__EXERCISE DATA__.
=== Begin Enclosure ===

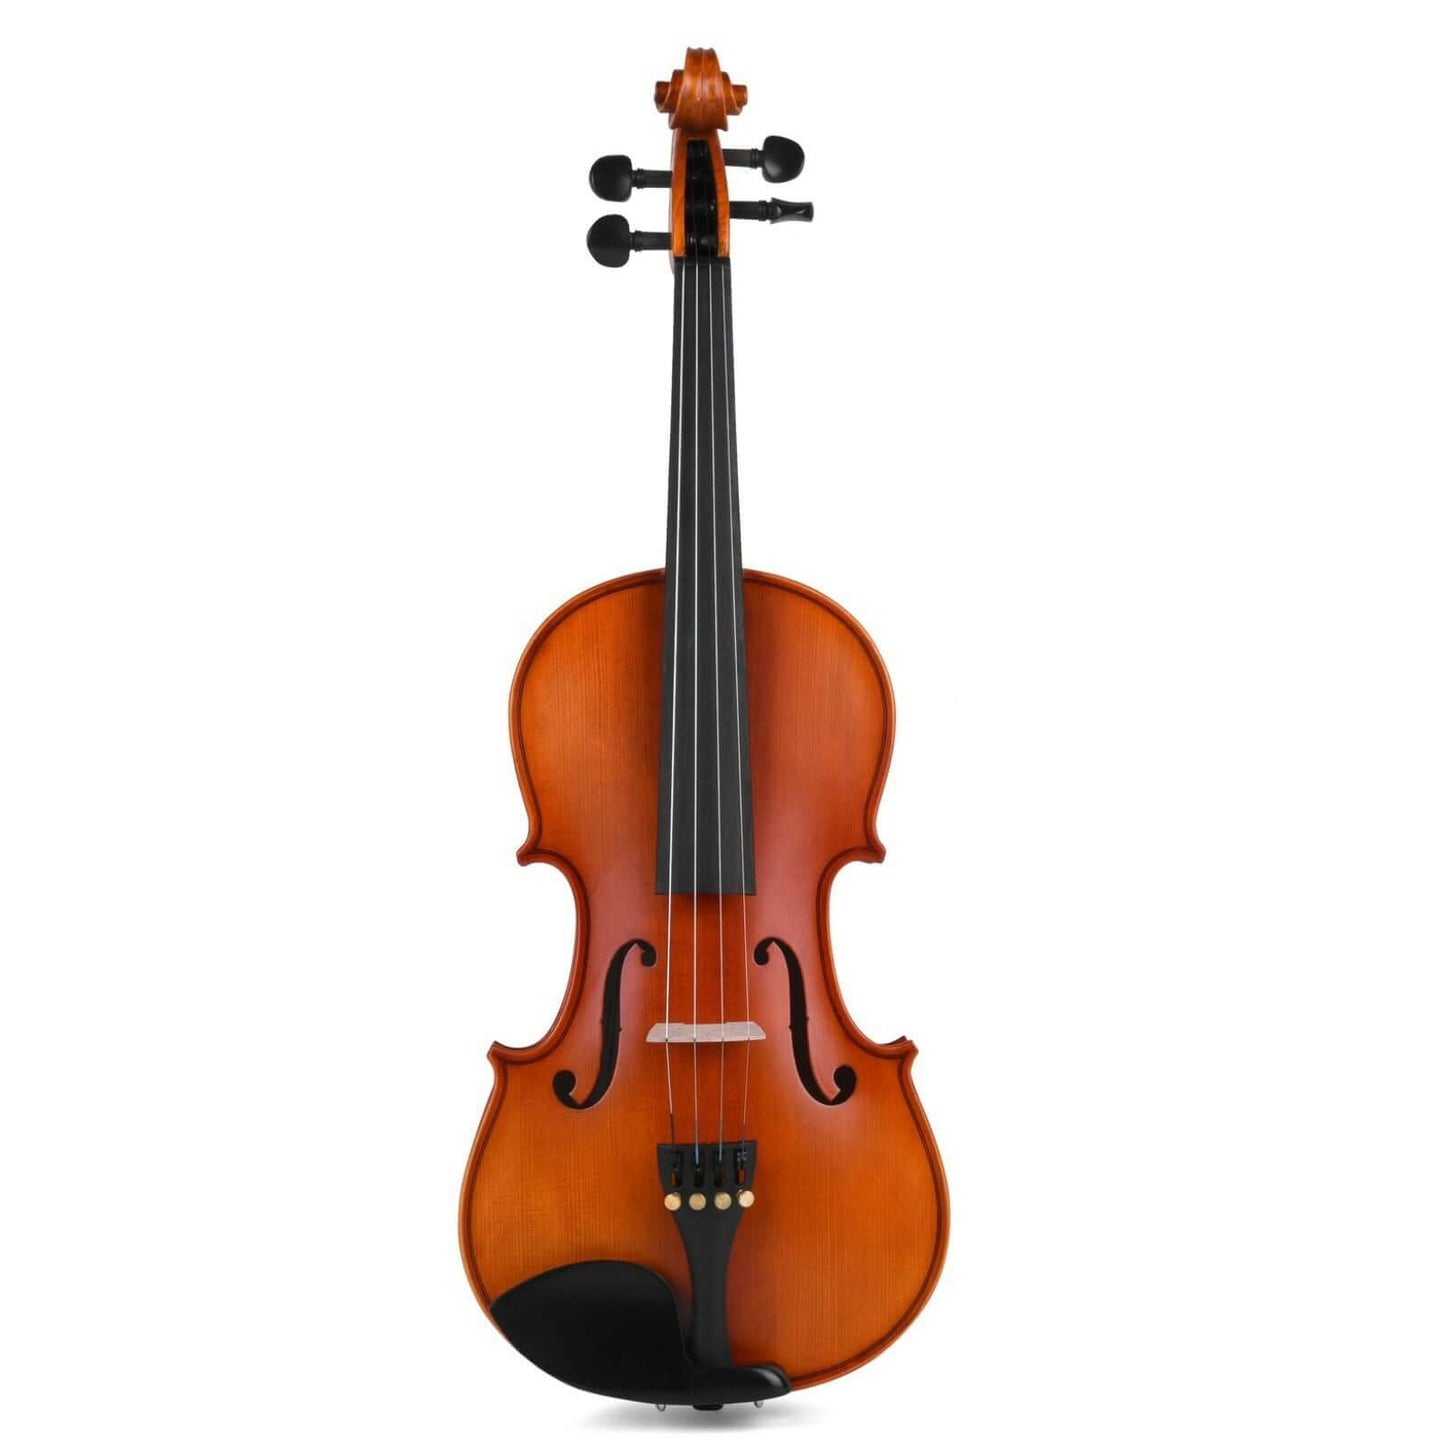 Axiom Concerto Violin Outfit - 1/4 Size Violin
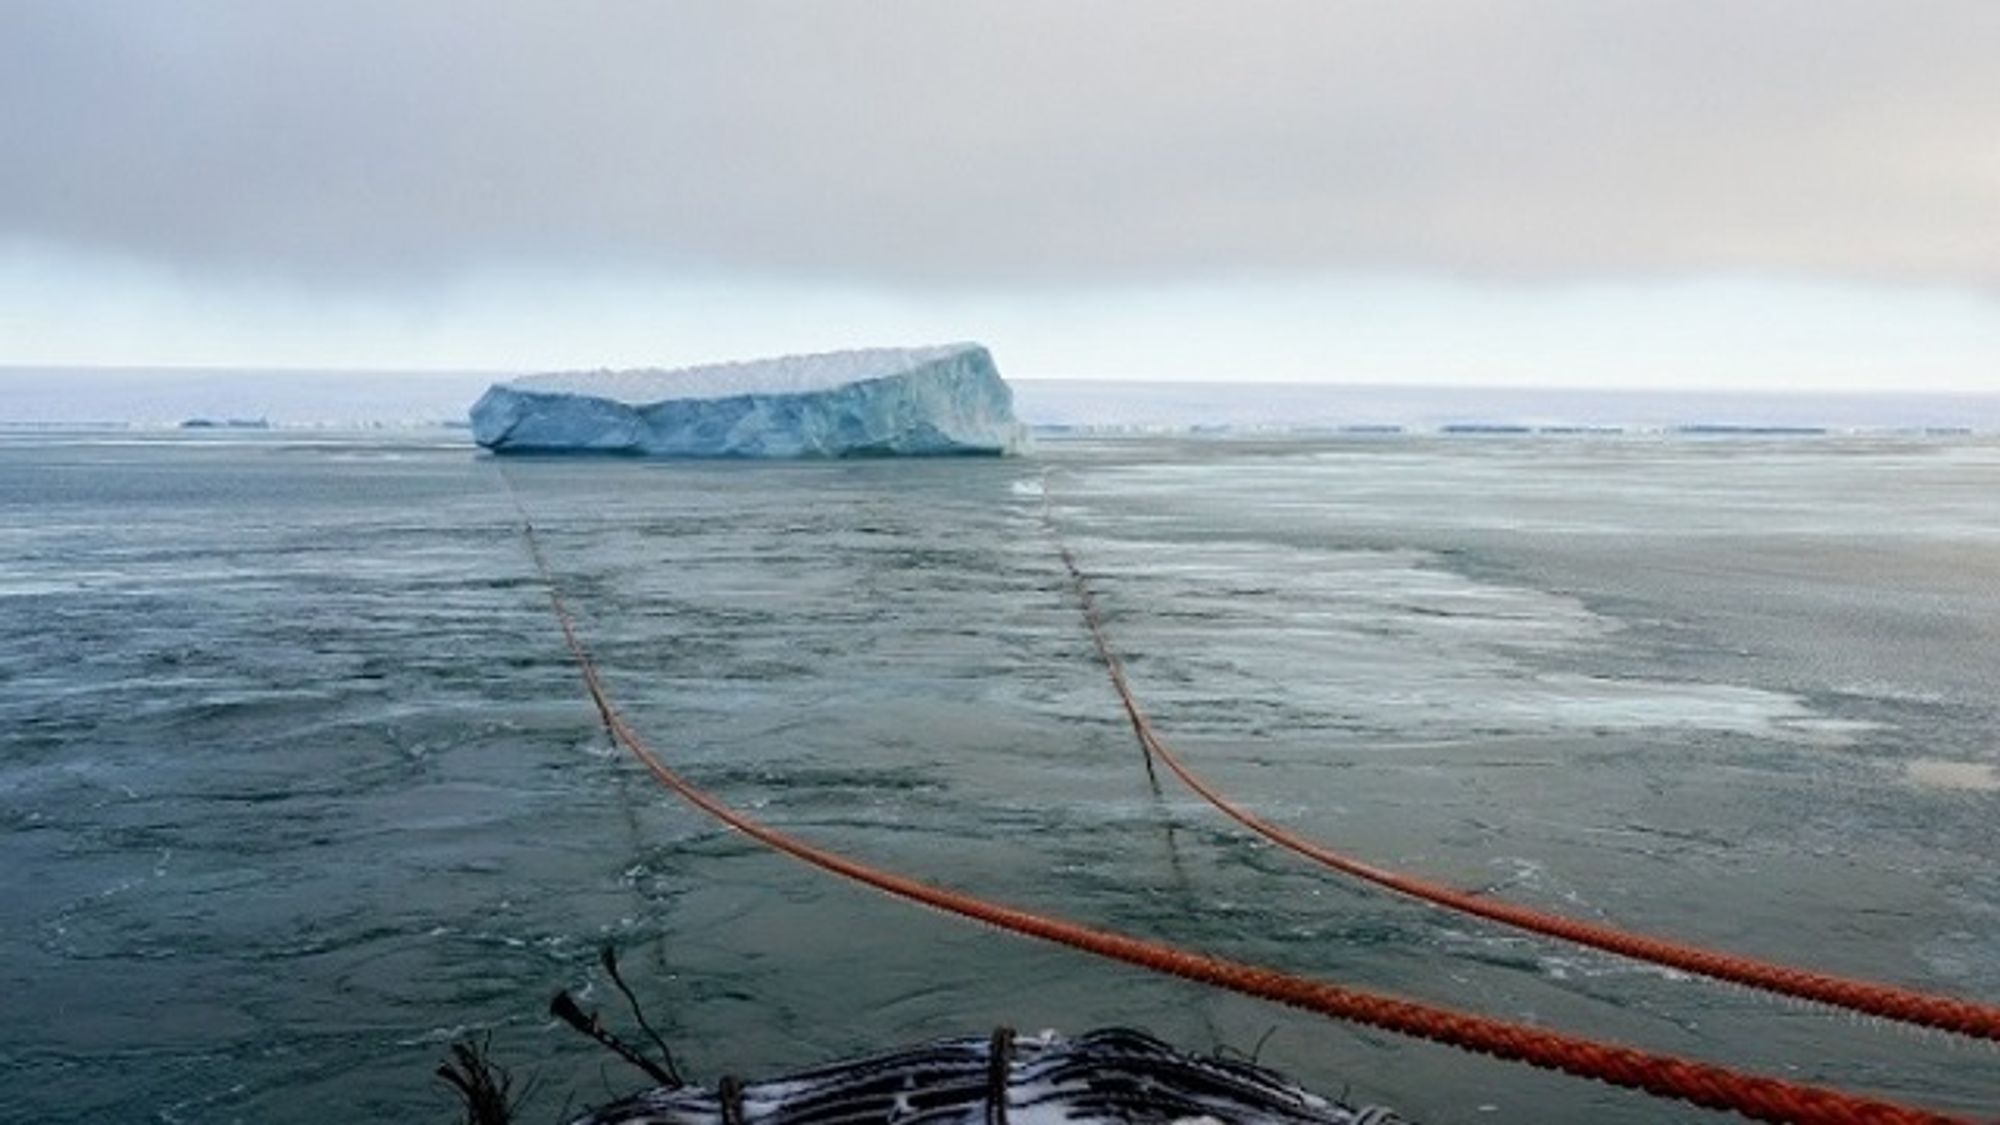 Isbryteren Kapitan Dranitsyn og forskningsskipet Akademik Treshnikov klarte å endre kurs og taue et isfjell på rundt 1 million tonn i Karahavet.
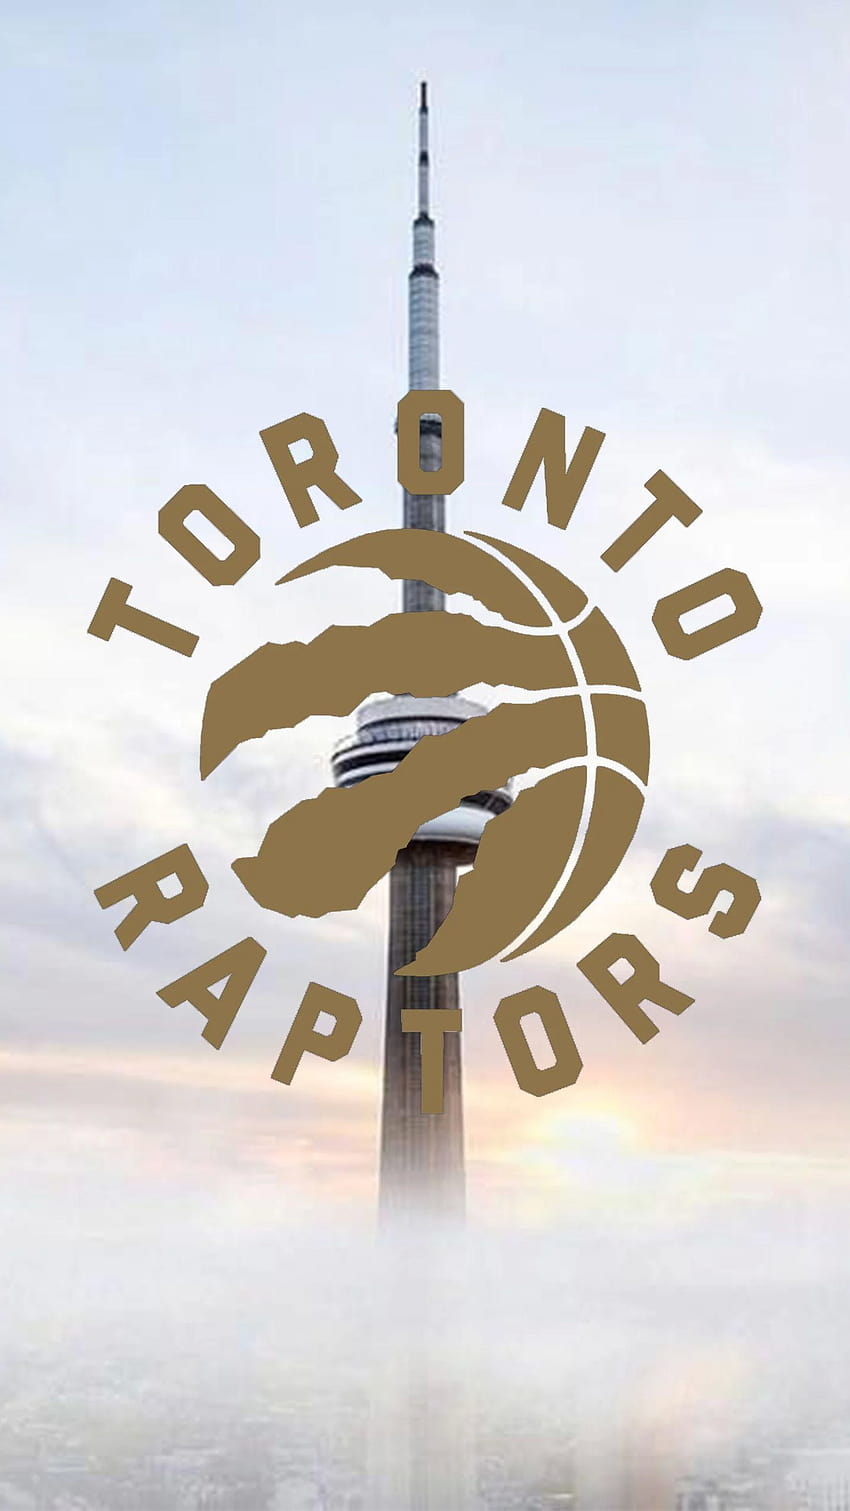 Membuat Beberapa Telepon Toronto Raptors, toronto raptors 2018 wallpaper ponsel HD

=== End Enclosure ===

__YOUR TASK__.
Your answer should consist solely of the lines from the line with "Isbryteren Kapitan Dranitsyn" to the final line of the listing, set down word for word, pictures omitted.

__OUTPUT FOR THIS EXERCISE__.
 Isbryteren Kapitan Dranitsyn og forskningsskipet Akademik Treshnikov klarte å endre kurs og taue et isfjell på rundt 1 million tonn i Karahavet.
 Membuat Beberapa Telepon Toronto Raptors, toronto raptors 2018 wallpaper ponsel HD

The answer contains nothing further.